– Выбирать мне достается не впервой. Ты грешишь
высокомерием, полагая, будто я испугаюсь. Еще сегодня утром я не знал о твоем
существовании, уже сегодня вечером, если понадобится, я о нем забуду. Повторяю
последний раз: либо исповедь как проявление доверия, либо прощай. Поспеши с
выбором, до сексты осталось немного времени. А здесь строго следуют литургии
часов.
Рейневан стиснул кулаки, борясь с непреодолимым желанием
развернуться и уйти, выйти на солнце, свежий воздух, зелень и пространство. В
конце концов здравый смысл победил. Он переломил себя.
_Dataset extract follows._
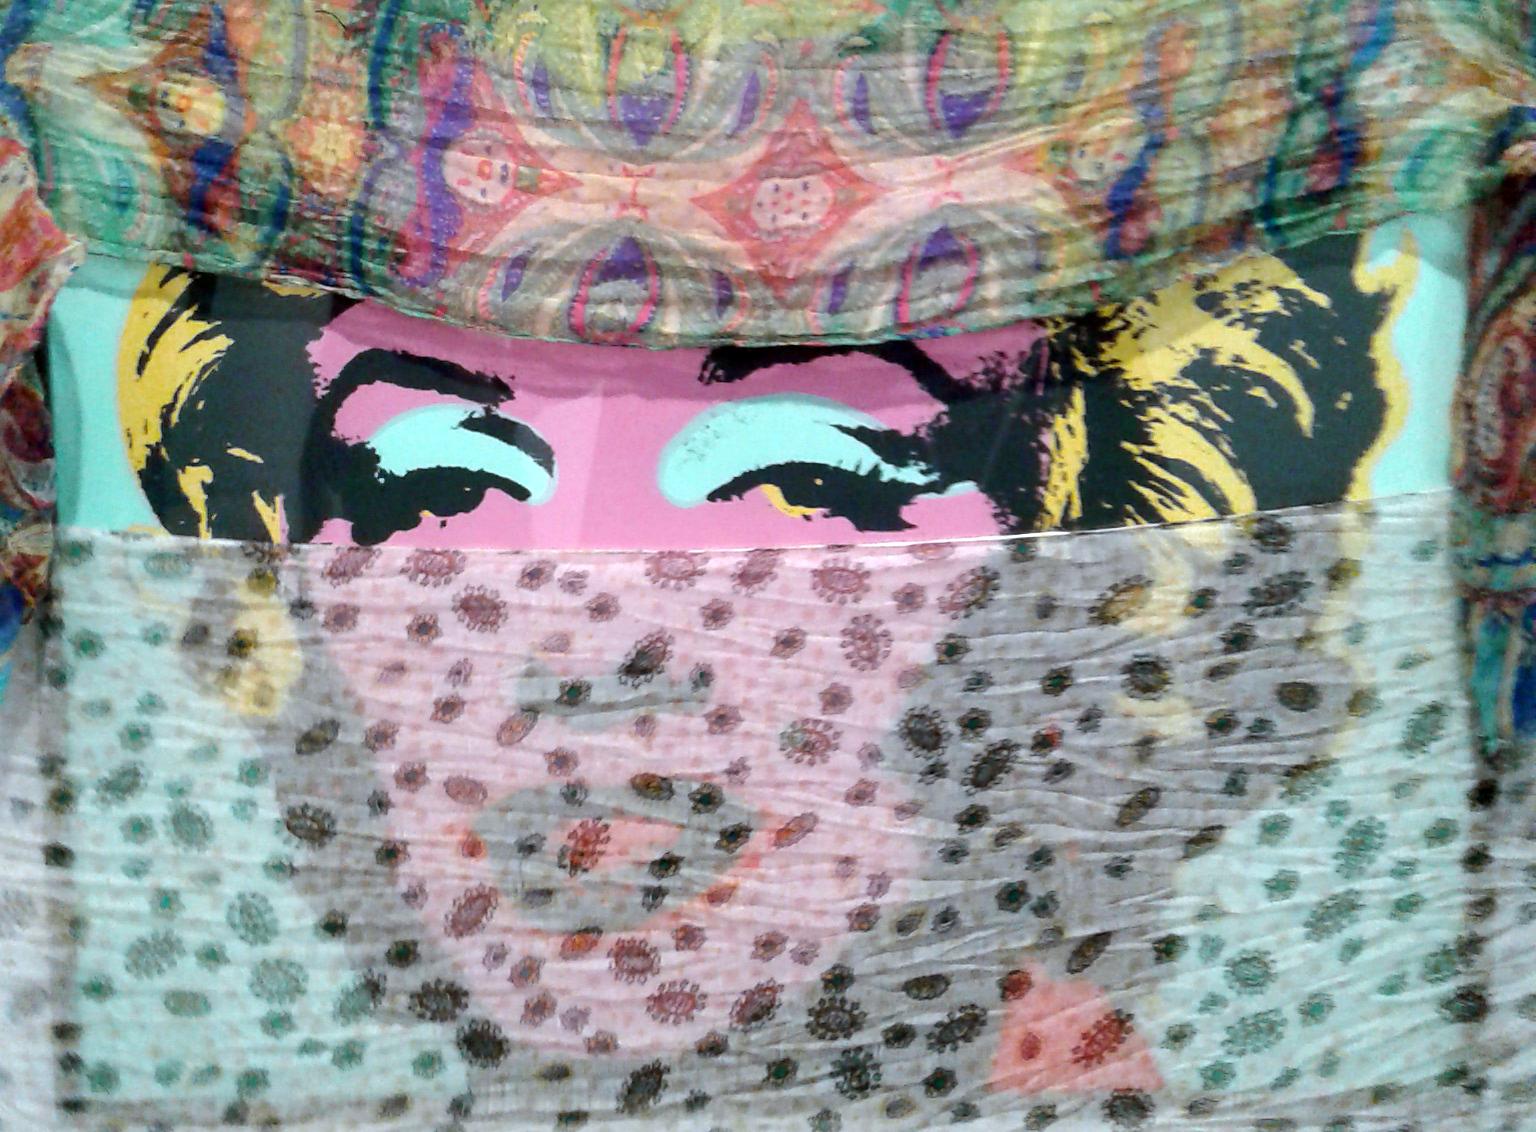 Sin Autor. 2016. Warhol 4.

– Я даже не знаю, – выдавил он, опускаясь на
колени на отполированную многочисленными исповедывавшимися доску, –
священник ли ты.
– Это не имеет значения. – В голосе человека из
исповедальни прозвучало что-то вроде насмешки. – Мне нужна только твоя
исповедь. Отпущения грехов не жди.
– Я даже не знаю, как тебя зовут.
– У меня много имен, – тихо, но отчетливо
донеслось из-за решетки. – Мир знает меня под разными именами. Поскольку у
меня есть шансы вновь вернуться в мир… придется что-то выбирать… Вилибальд из
Гирсау? А может… Бенигнус из Аикса? Павел из Тыньца? Корнелиус ван Хеемскерк? А
может… может… мэтр Шарлей? Как тебе это нравится, парень: мэтр Шарлей? Ну
ладно, не кривись. Просто Шарлей. Без «мэтр». Согласен?
– Согласен. Приступим к делу, Шарлей.
Едва массивные, воистину не уступающие крепостным ворота
стшегромского монастыря кармелитов с грохотом задвинулись за ними, едва они
удалились от высиживающих у ворот нищих и вымаливавших подаяние попрошаек, едва
вошли в тень придорожных тополей, как Шарлей до глубины души потряс Рейневана.
Недавний демерит и узник, только что таинственный, угрюмый и
гордо молчаливый, теперь вдруг разразился гомерическим хохотом, подпрыгнул не
хуже козла, кинулся навзничь в сорняки и несколько секунд катался в траве,
словно жеребенок, рыча и смеясь попеременно. Наконец на глазах остолбеневшего
Рейневана его недавний исповедник перекувыркнулся, вскочил, проделал в сторону
ворот очень оскорбительный жест, согнув руку в локте. Жест сопровождался
длинным перечнем крайне непристойных проклятий и ругательств. Некоторые
касались персонально приора, некоторые – стшегомского монастыря, некоторые –
ордена кармелитов в целом, некоторые имели общий характер.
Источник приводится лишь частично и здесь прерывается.